EP by Im Hyun-sik
- Released: October 14, 2019
- Genre: K-pop
- Language: Korean
- Label: Cube;
- Producer: Im Hyun-sik; MosPick; Simon Hong;

Singles from Rendez-vous
- "Dear Love" Released: October 14, 2019;

Music video
- "DEAR LOVE" on YouTube

= Rendez-vous (EP) =

Rendez-vous is the debut extended play by South Korean Im Hyun-sik of BtoB. The album was released on October 14, 2019, by Cube Entertainment under U-CUBE and Kakao M distribution.

The song was released through several music portals, including MelOn, iTunes, and Spotify.

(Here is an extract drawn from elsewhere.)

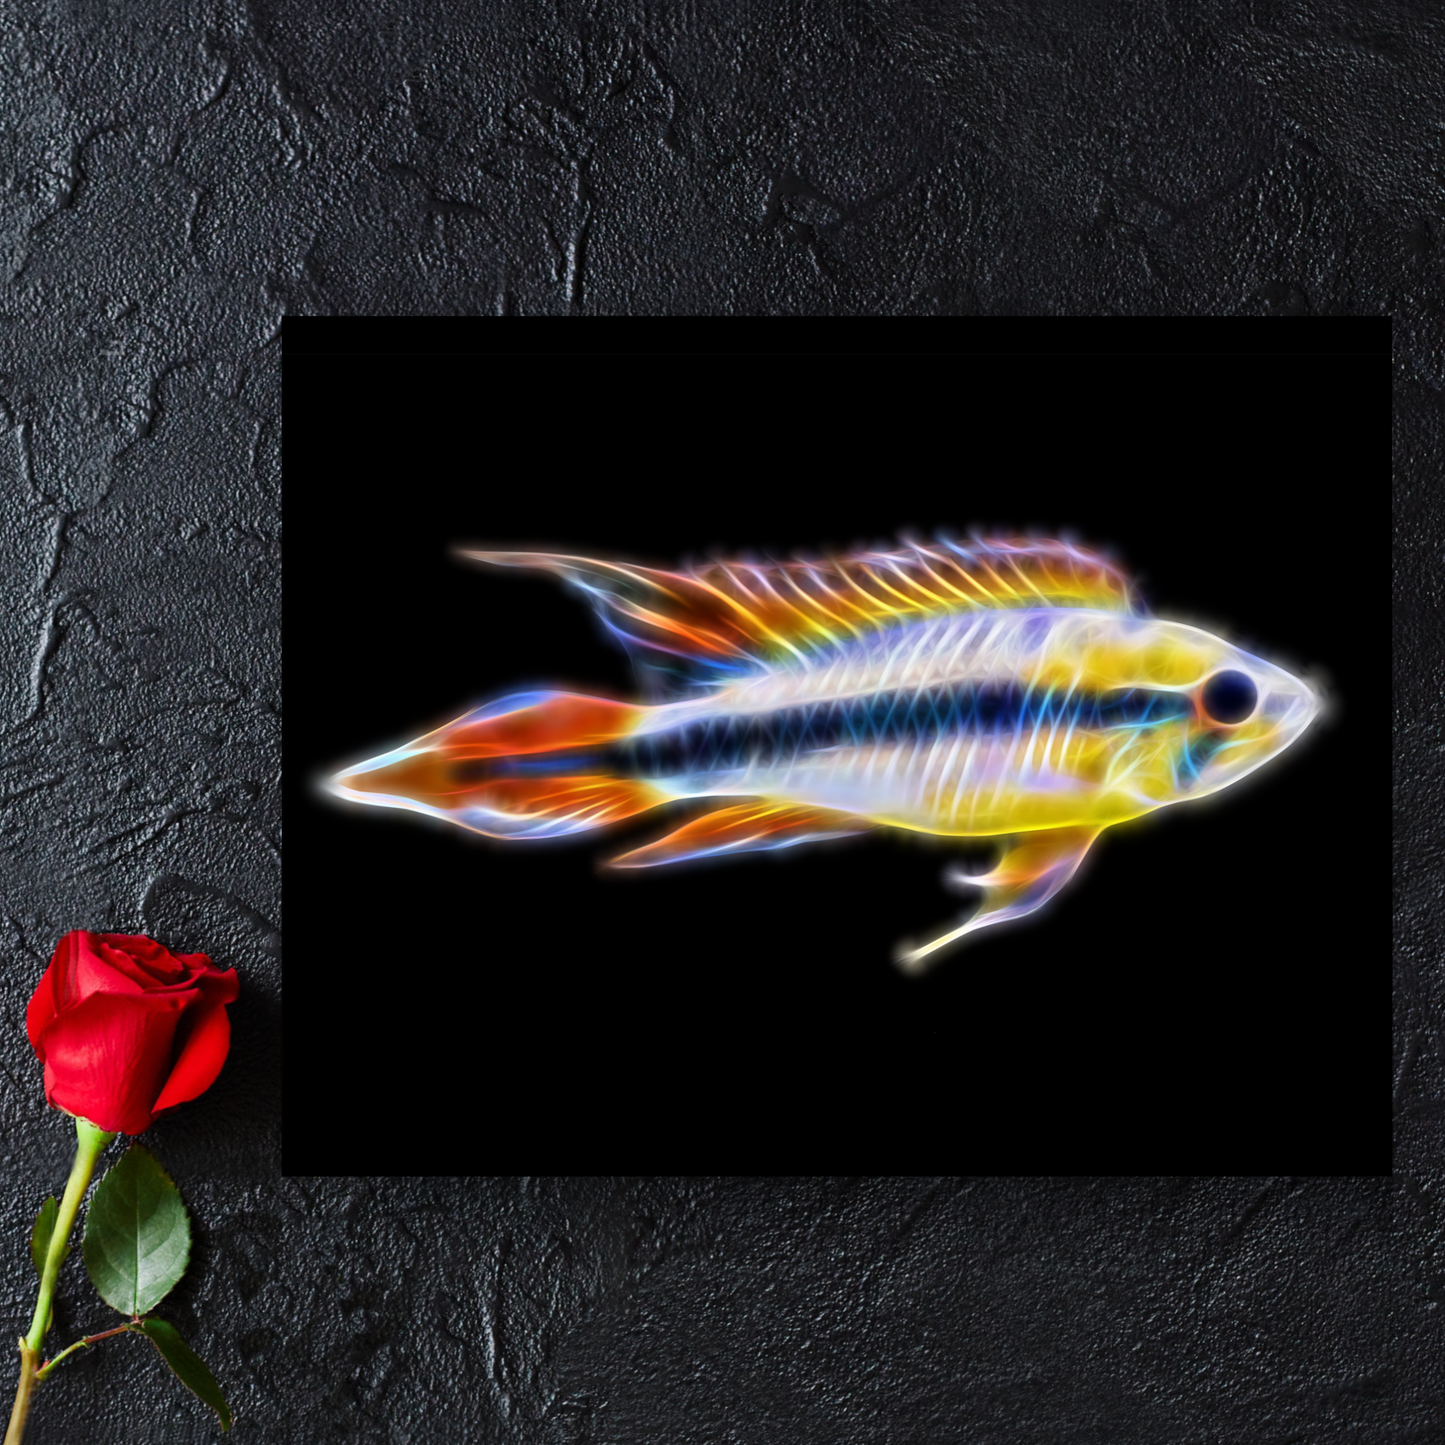 Double Red Dwarf Apistogramma Cichlid Fish Metal Wall Plaque.
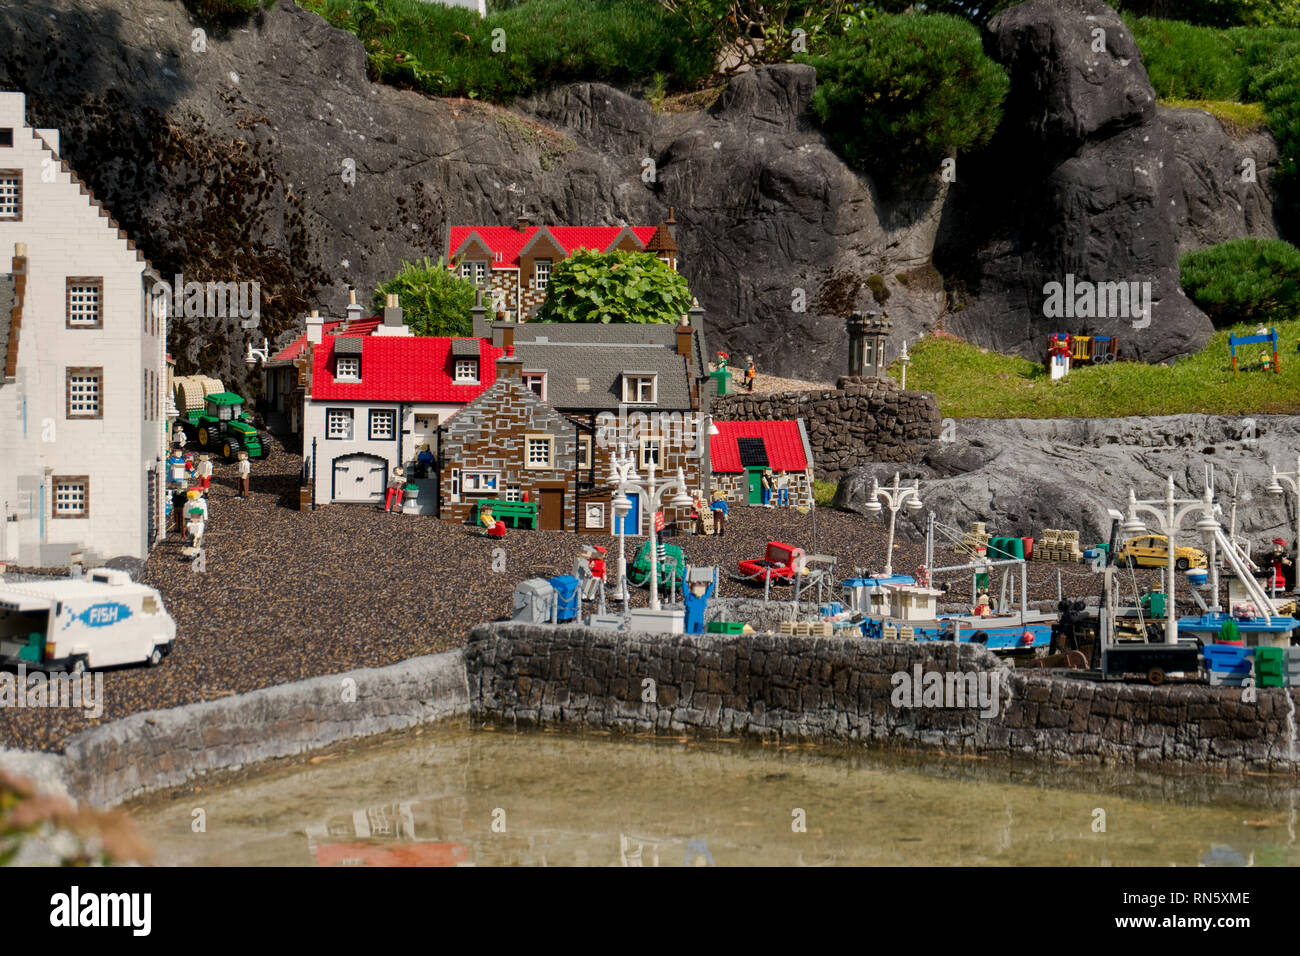 A Lego fishing village and dock at Legoland Billund resort in Denmark Stock  Photo - Alamy

On January 31, 2020, a live album of Rendez-vous was released.

== Background ==
The main theme of the album is space. In particular about the encounters and connections in the outer space. The album contains a total of six songs, including the title song Dear Love and its instrumental version, Rendez-vous, Docking, Black and Moonlight.

== Music structure ==
Rendez-vous album would tell a diverse stories about universe across alternative, rock and synth-pop genre. The title track Dear Love genre is alternative that harmonizes Im's soft voice and guitar with poetic lyrics.

==Release==
Cube Entertainment released a spoiler image for Im's first solo album, on September 22. The image reveals a person wearing a space suit raising his finger toward the universe. In particular, the English name of Im Hyun-sik, along with the code number "RD-V1102-3". The release of the record was first announced on September 24, 2019. Starting October 4 to 6, Cube Entertainment released a series of teasers to promote Rendez-vous. The following day, a highlight medley for the record were released. On October 9 and 10, two music video trailer for "Dear Love" was released. First, it contained Im screaming of approaching objects faced in outer space, and the second showed the first moment that Im encounters an unidentified person who is similarly dressed in outer space.

==Promotion==
Im held his first sold out solo concert RENDEZ-VOUS at Bluesquare iMarket Hall on November 2 and 3, 2019.

==Track listing==

| No. | Title | Lyrics | Music | Arrangement | Length |
|---|---|---|---|---|---|
| 1. | "Rendez-vous" | Im Hyun-sik | Im Hyun-sik | Im Hyun-sik |  |
| 2. | "Docking" | Im Hyun-sik | Im Hyun-sik | Im Hyun-sik |  |
| 3. | "Black" | Im Hyun-sik | Im Hyun-sik; MosPick; | Im Hyun-sik; MosPick; |  |
| 4. | "Moonlight" | Im Hyun-sik | Im Hyun-sik; MosPick; | Im Hyun-sik; MosPick; |  |
| 5. | "Dear Love" | Im Hyun-sik | Im Hyun-sik | Im Hyun-sik |  |
| 6. | "Dear Love" (Inst.) | Im Hyun-sik | Im Hyun-sik | Im Hyun-sik |  |

== Personnel ==
Personnel adapted from the liner notes of the physical album.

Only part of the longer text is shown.